Terra Cressey is surrounded by garbage bins piled high with glass bottles. This is the headquarters of Glass Roots Recycling. And before it opened a few months ago, Cressey says likely all these bottles would have gone to the county dump.
“You know, I’ve had people like, ‘I can finally have my favorite dressing again, I can finally drink my favorite beer again’ because I can finally not feel guilty about the glass'," Cressey says.
Like in most counties in north Idaho, the local recycler doesn’t accept glass. Glass is heavy, and diesel is expensive, so it’s not worth the shipping cost. So Cressey is smashing up the bottles … and turning them into this …
Buckets of colorful pebbles and sand-like grains of glass.
“And it’s all soft, you can touch it, you can play with it, it’s been tumbled, it’s been beach-glassed," Cressey says.
Beer bottles become a chocolaty brown aggregate, Champaign bottles a vibrant green. Red wine bottles turn jade-like and white wine bottles bright yellow.
“Everyone kind of giggles, cuz I seem to know my wine bottles now," laughs Cressey.
The rarest color? Blue. She says Bud Light has just released a blue bottle that will help 'tremendously'.
Thirty-seven-year-old Cressey originally envisioned a small operation that would create glass fragments for local artists at a couple of bucks a pound. But so far, the biggest orders are coming from landscapers and contractors who want to use the glass in patios, countertops, and as a substitute for sand – and they want a lot of it. Which has given her a new problem.

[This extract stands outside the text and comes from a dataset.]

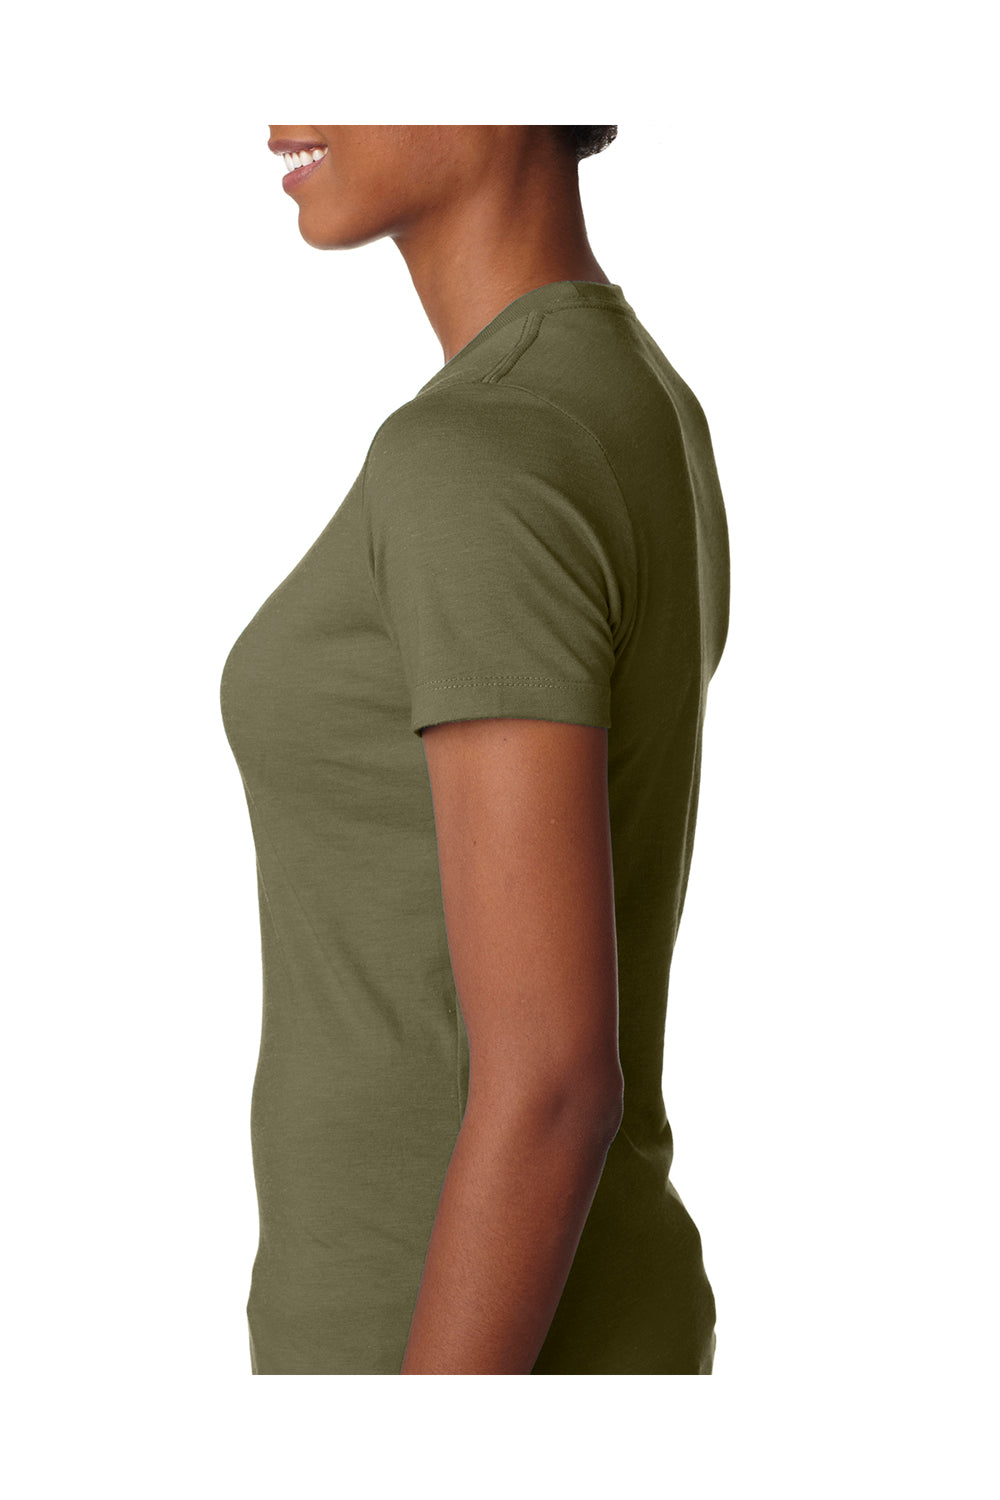 Next Level 6610 Womens CVC Jersey Short Sleeve Crewneck T-Shirt Military Green Side

"For the most part, I don’t have enough. I know it’s kind of wild -- I’m trying not to sell my product to everybody that wants it," Cressey says.
Cressey is on the move though. She’s transferring to a bigger warehouse and eventually hopes to hire workers, besides herself. After all, with no where else for the bottles to go, she tells me she has a lot of glass to break.